The following example shows that in Corollary 2.2, the condition of Q being a magma is not trivial, i.e., it is possible that \(A_{\mu } \ne B_{\mu }\) for a general set Q. In this example, Q is not a magma, \(A_{\mu } = \{3,4\}\) and \(B_{\mu } = \{1, 3,4\}\). For completeness, we note that \(D_{\mu } = A_{\mu } \ne B_{\mu } = C_{\mu }\), and Q is both right and left alternative.

Example 3.9

$$\begin{aligned} \begin{array}{cccc} 3&{}4&{}3&{}3\\ 1&{}2&{}3&{}2\\ 3&{}3&{}3&{}3\\ 1&{}4&{}3&{}4 \end{array} \end{aligned}$$

4 Presto—Conclusion

Since all four Moufang identities are equivalent in the variety of loops [2, 3], to show that a given loop is Moufang, one must show that each triple of elements from the loop satisfies any one of the four Moufang identities.
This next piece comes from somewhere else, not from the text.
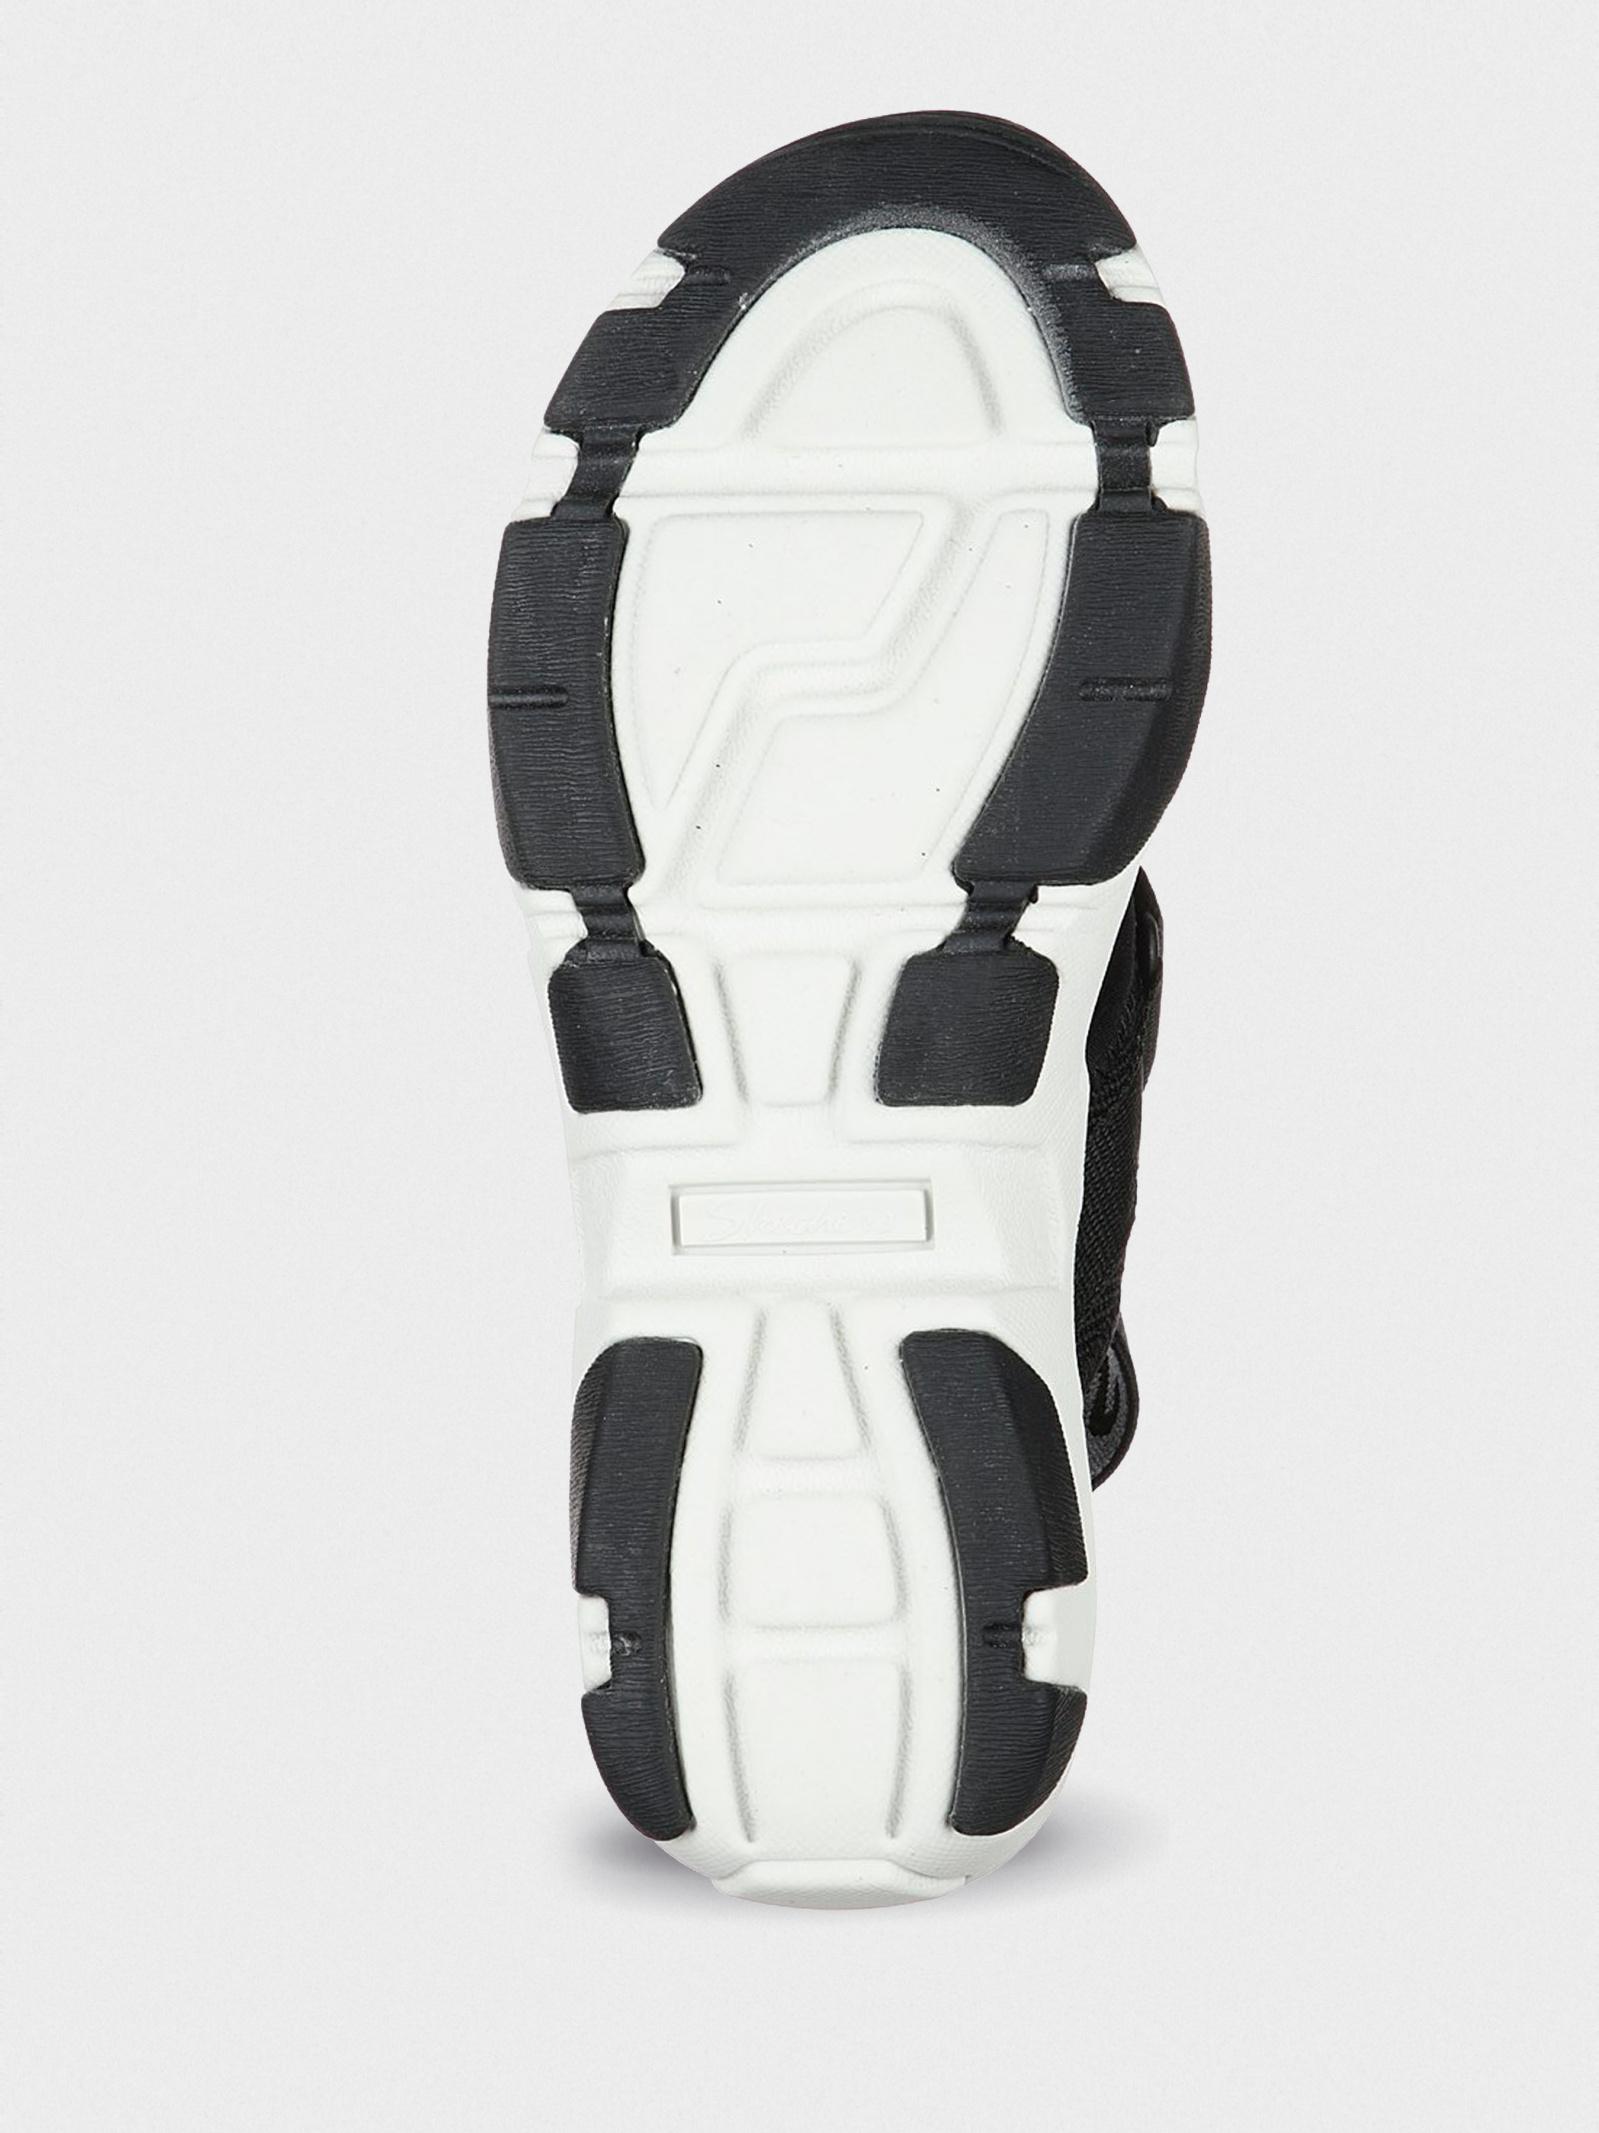 Сандалі  для жінок Skechers Modern Comfort 163051 BLK модне взуття, 2017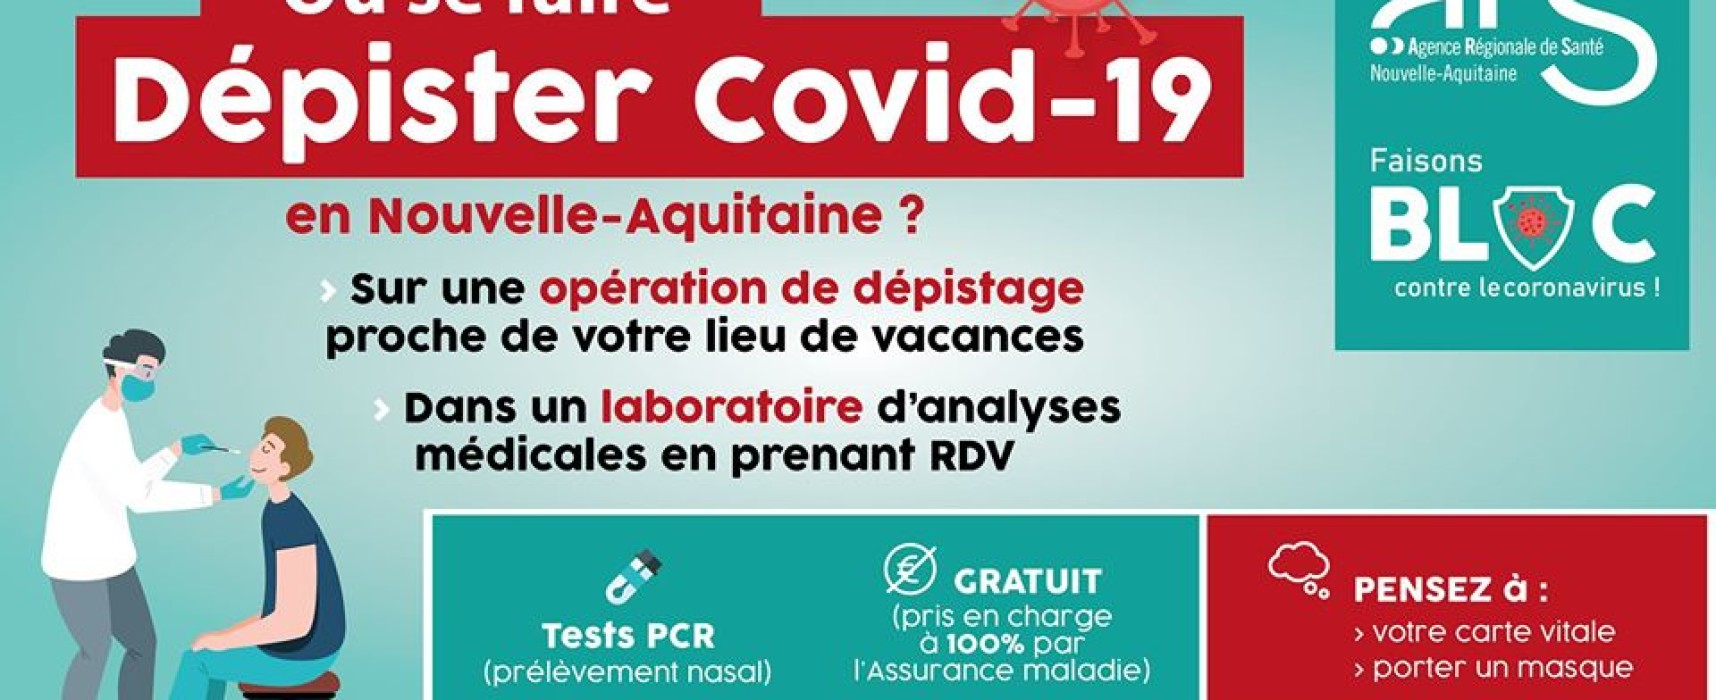 COVID-19 « opérations de dépistage sur les lieux touristiques en Nouvelle-Aquitaine »

Our harmony reveals an alternate, and in some sense sharper, approach, i.e., it suffices, via Theorem 2.20, to show that each element in a loop satisfies only one, any one, of the four local identities \((A_{\mu }), (B_{\mu }), (C_{\mu })\) and \((D_{\mu })\) (instead of one of the four “global" Moufang identities) in order for the loop to be Moufang, which in turn, of course, allows us to conclude that every element of the loop satisfies all four of the global identities. In fact, Corollary 2.16 establishes this in the more general setting of magmas with either the right or left inverse property. Hence, Corollary 2.16 and Theorem 2.20 are two alternate, generalized versions of the theorem on the equivalence of the four Moufang identities for loops.